The whole listing that follows, pictures excepted, should be printed again exactly as given.

[RECORDED DATA]

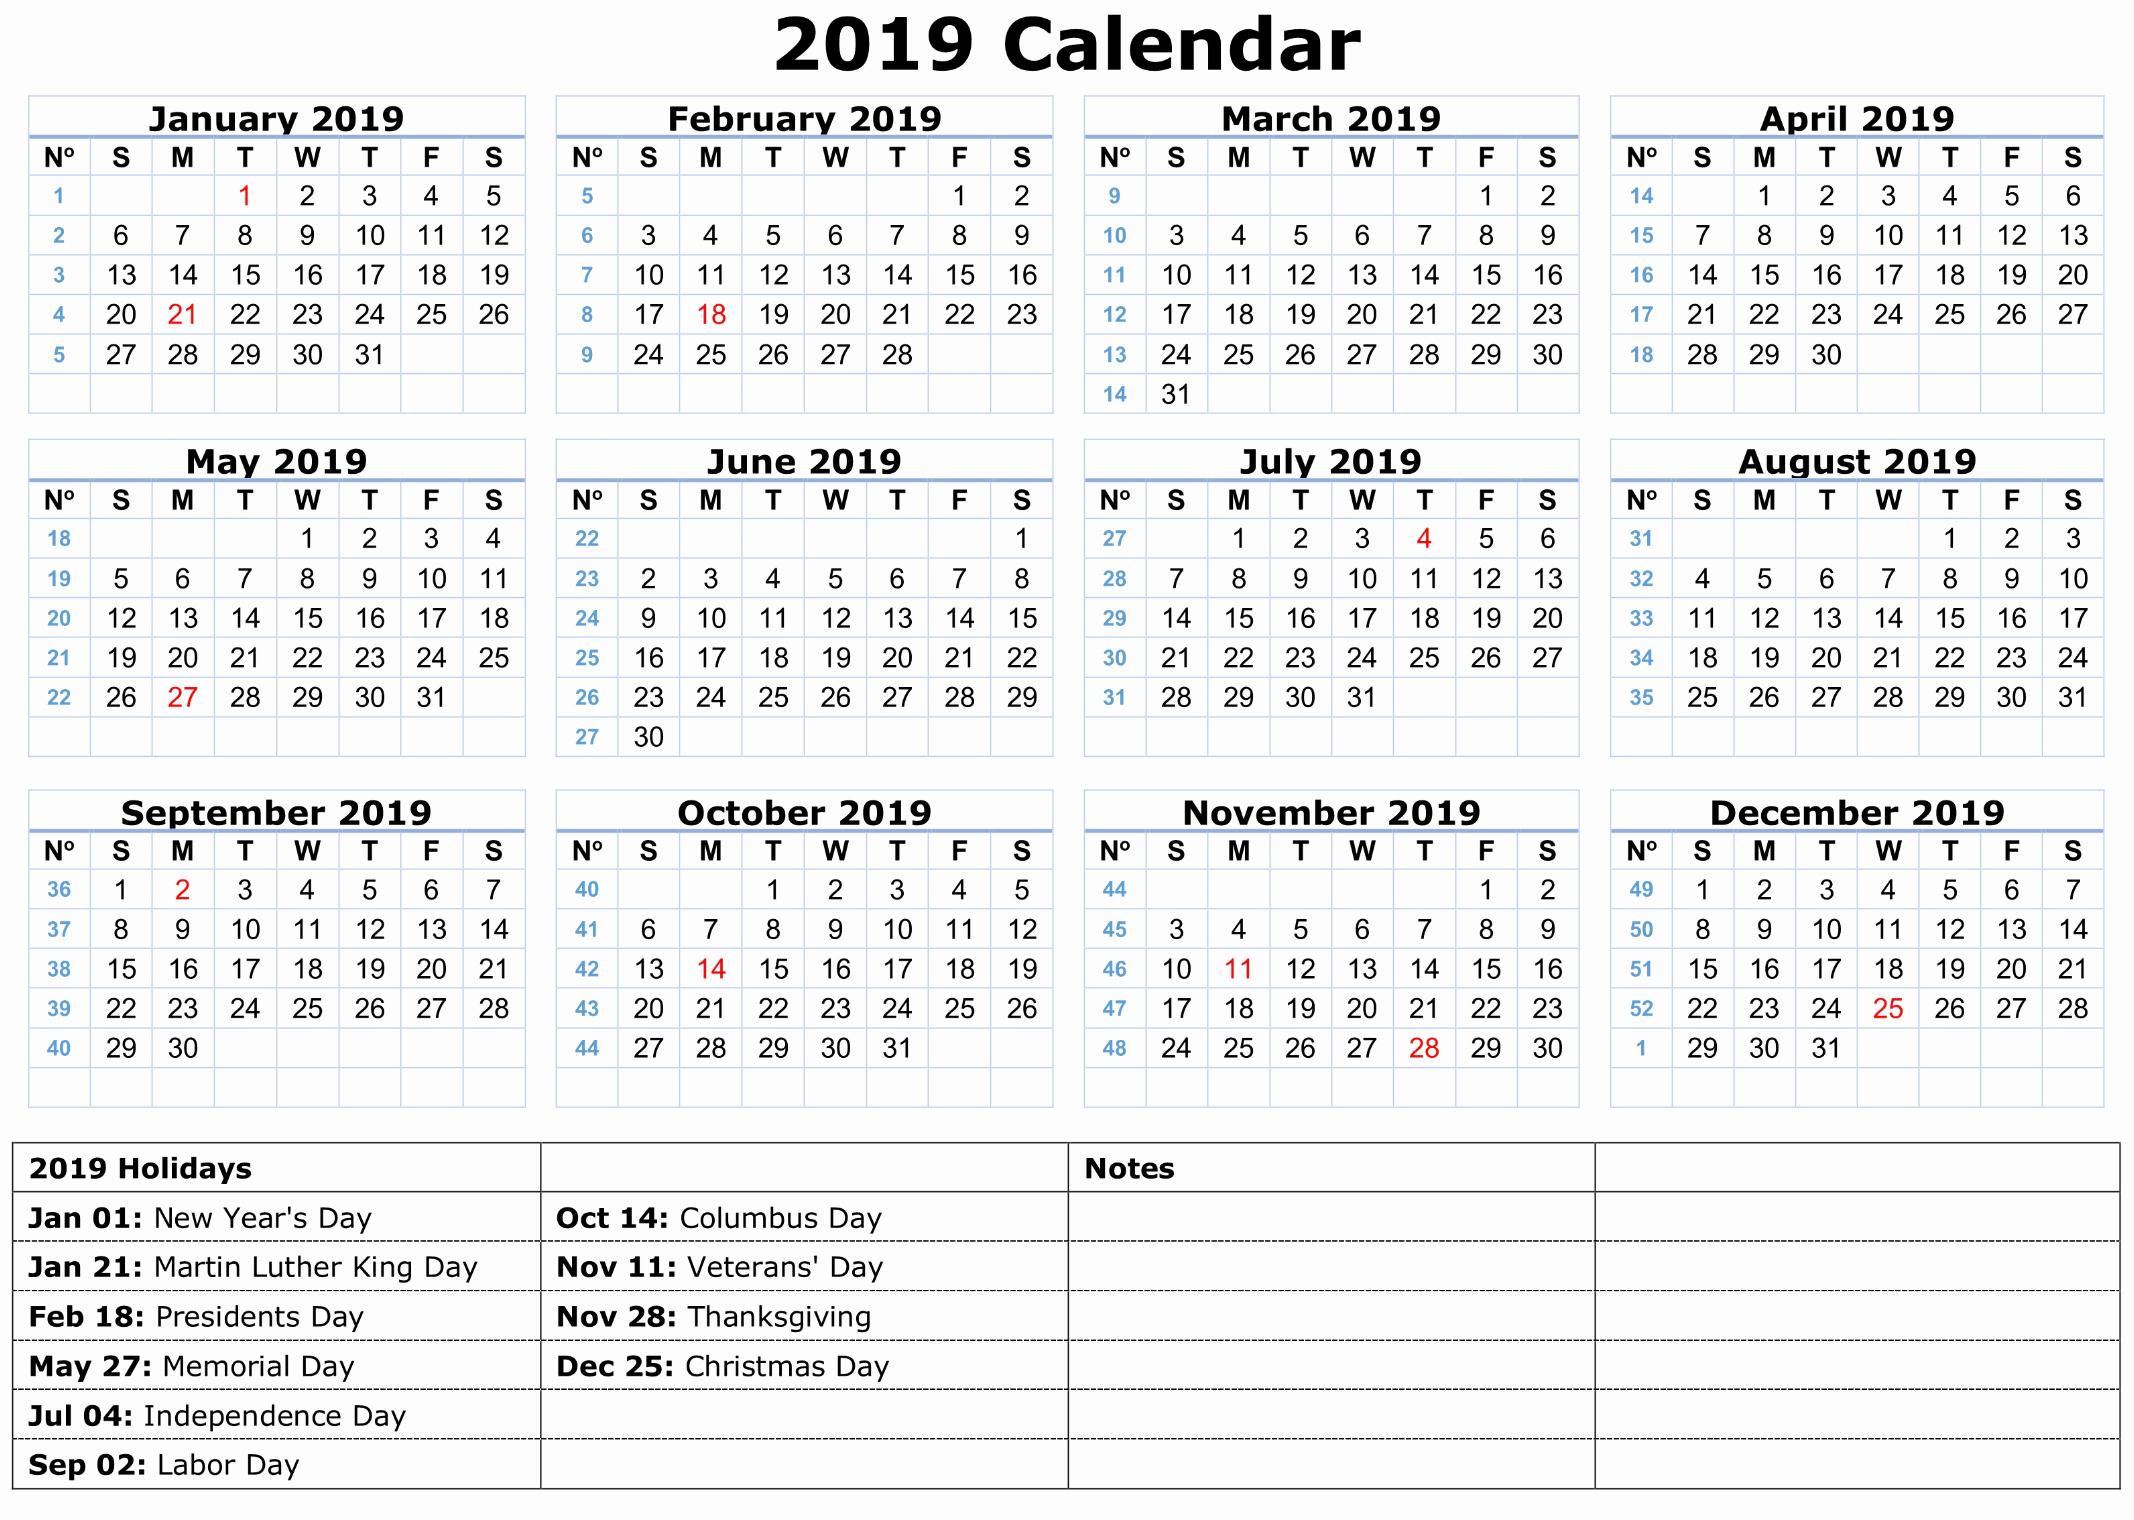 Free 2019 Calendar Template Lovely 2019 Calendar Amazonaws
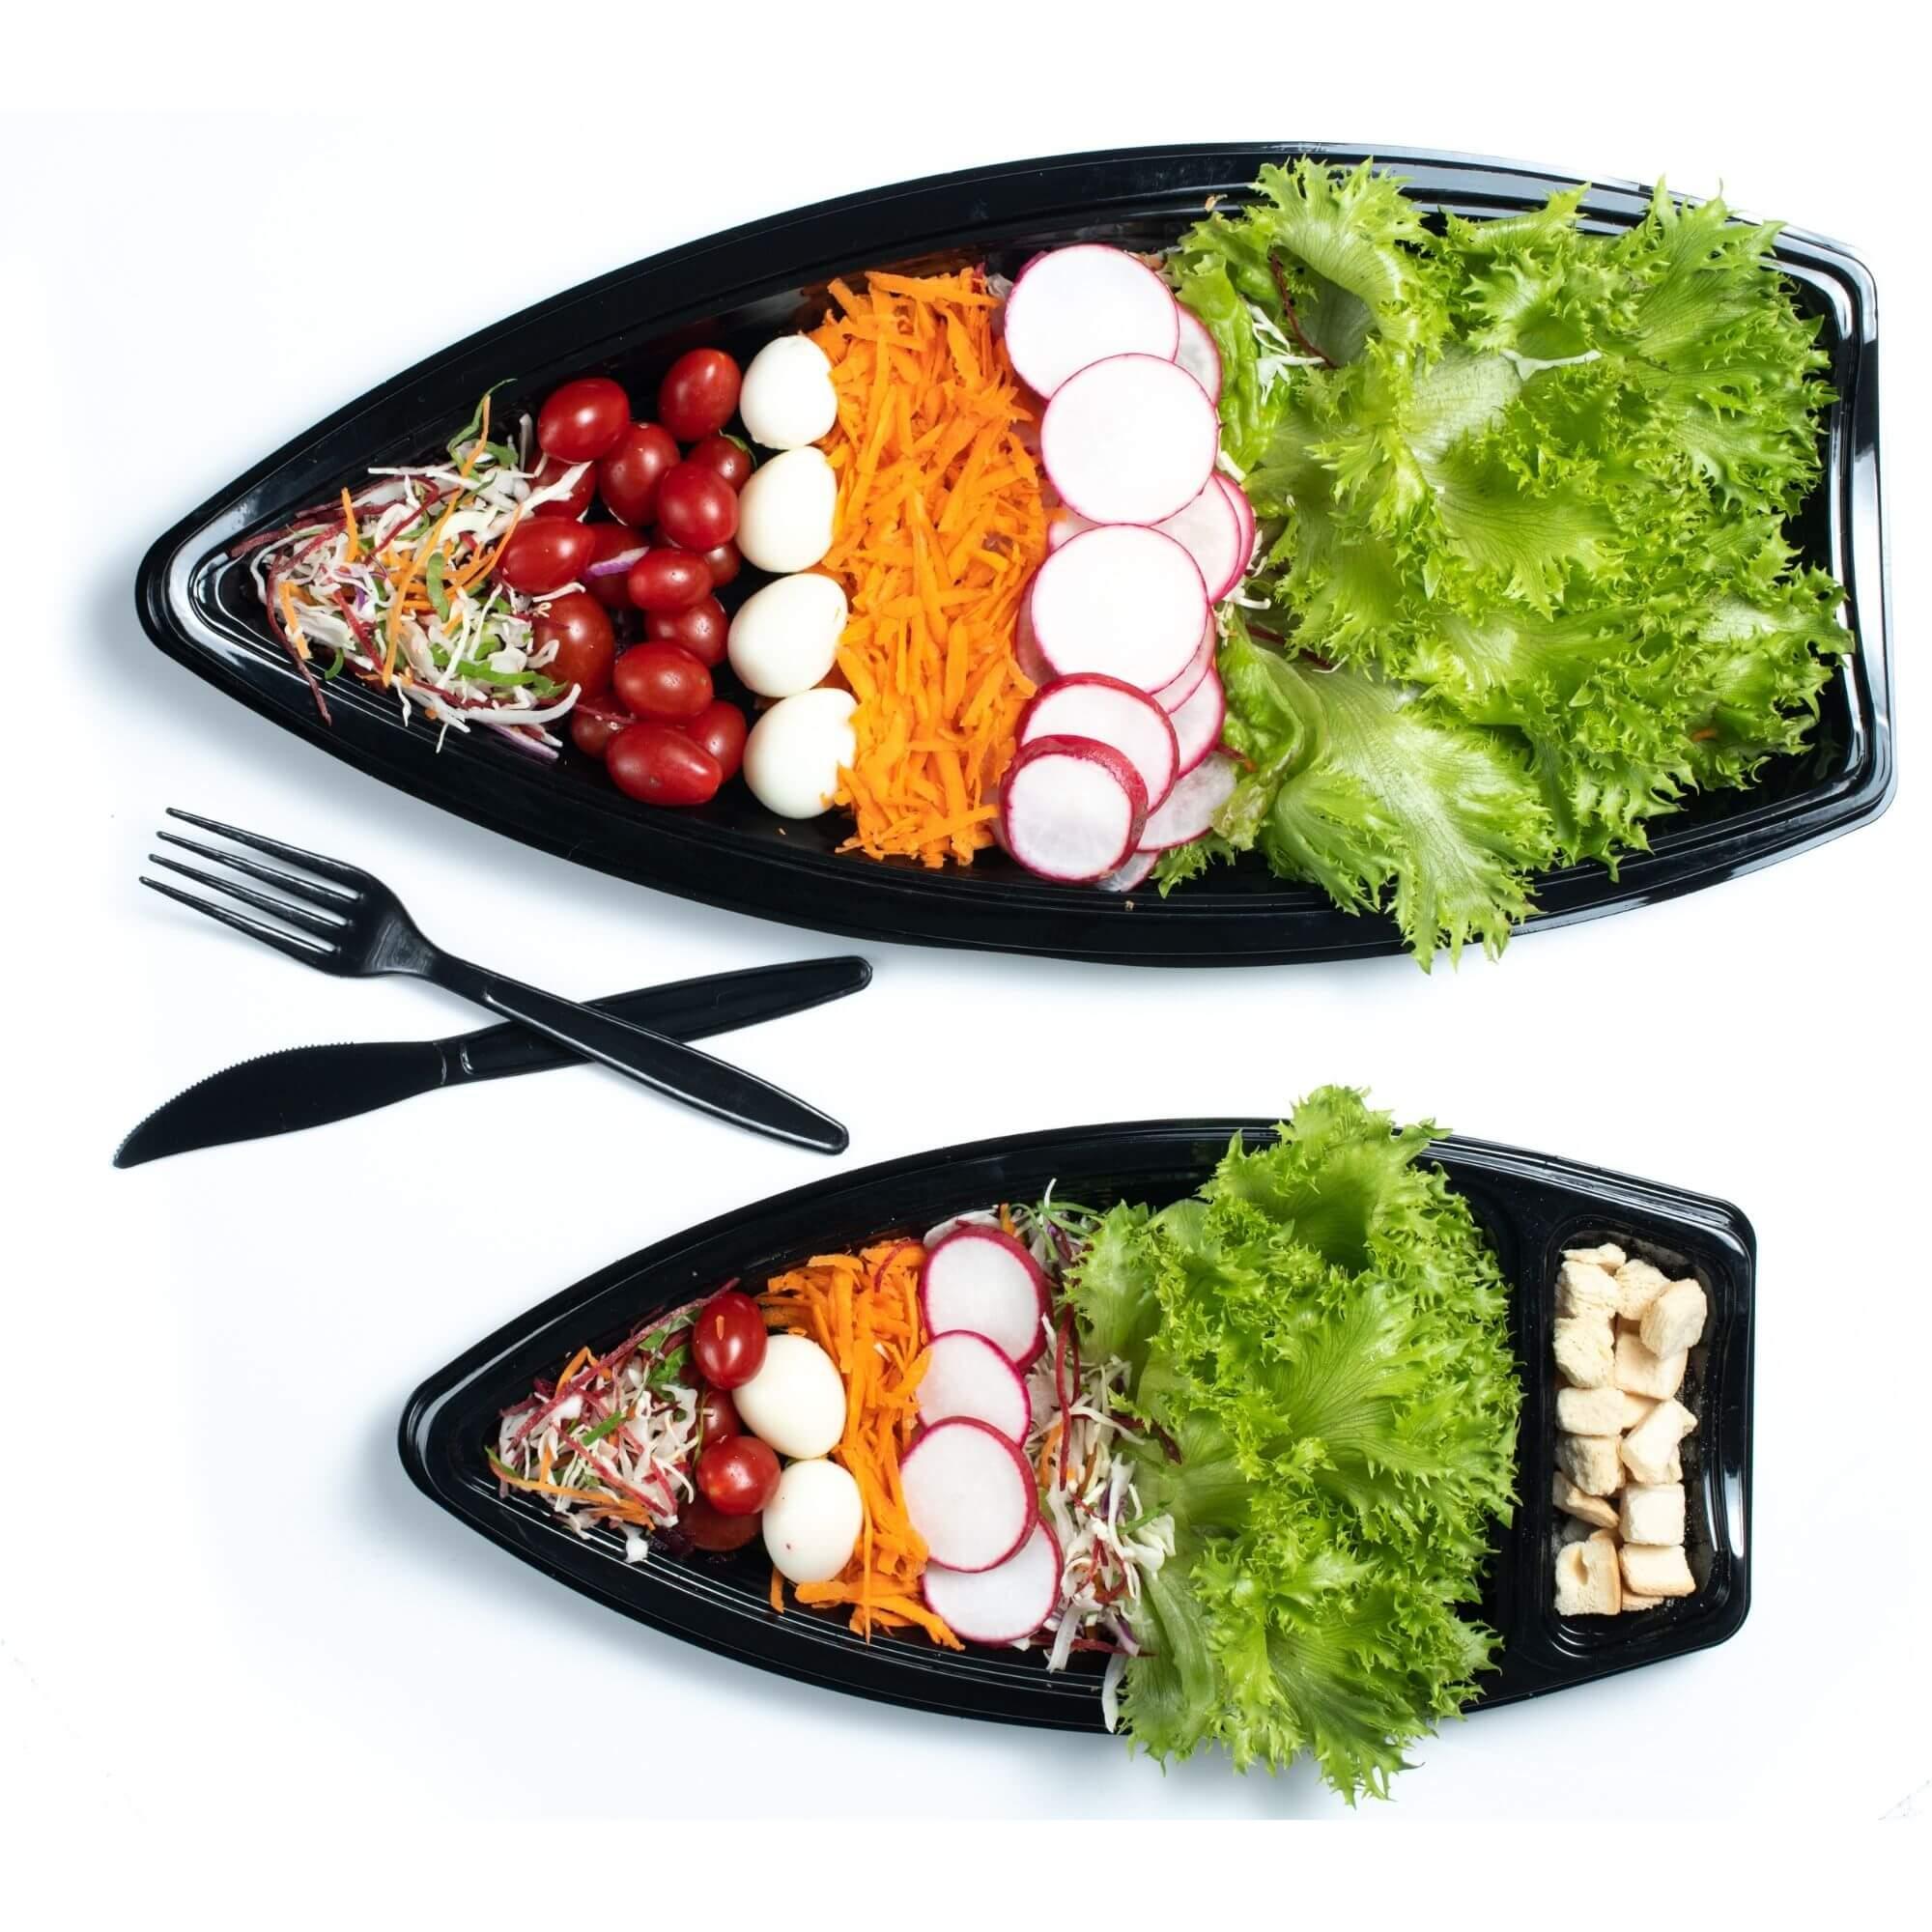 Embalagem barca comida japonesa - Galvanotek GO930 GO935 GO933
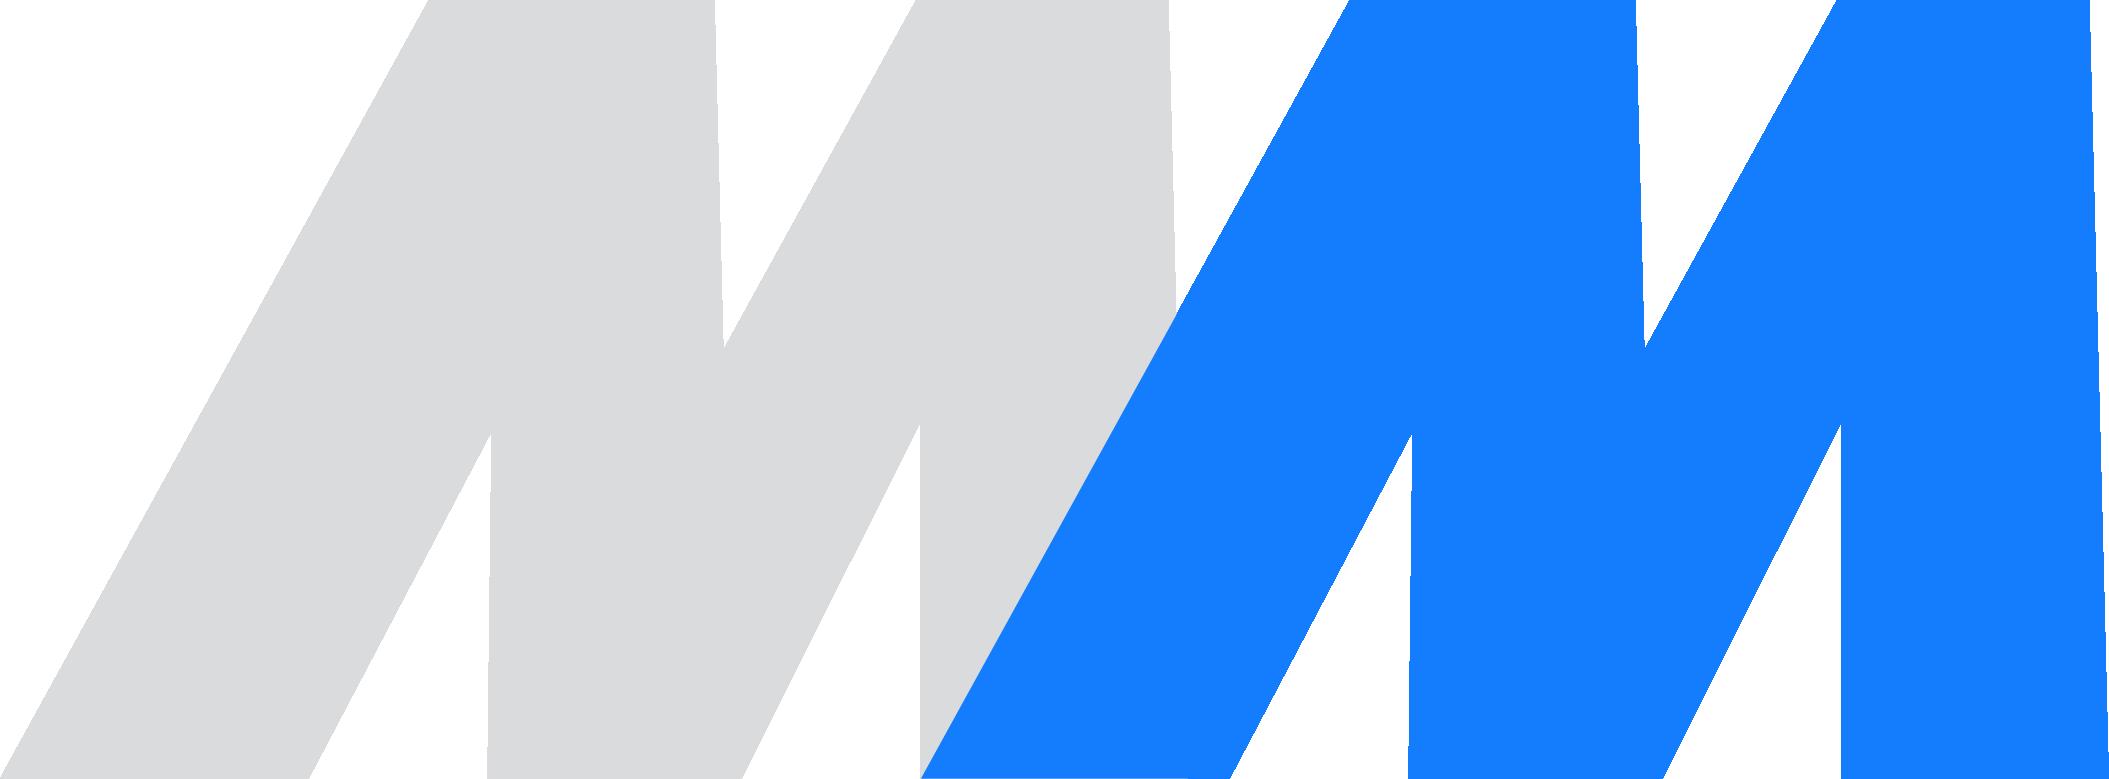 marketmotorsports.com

[/RECORDED DATA]

- EXERCISE ANSWER:
 Free 2019 Calendar Template Lovely 2019 Calendar Amazonaws
 Embalagem barca comida japonesa - Galvanotek GO930 GO935 GO933
 marketmotorsports.com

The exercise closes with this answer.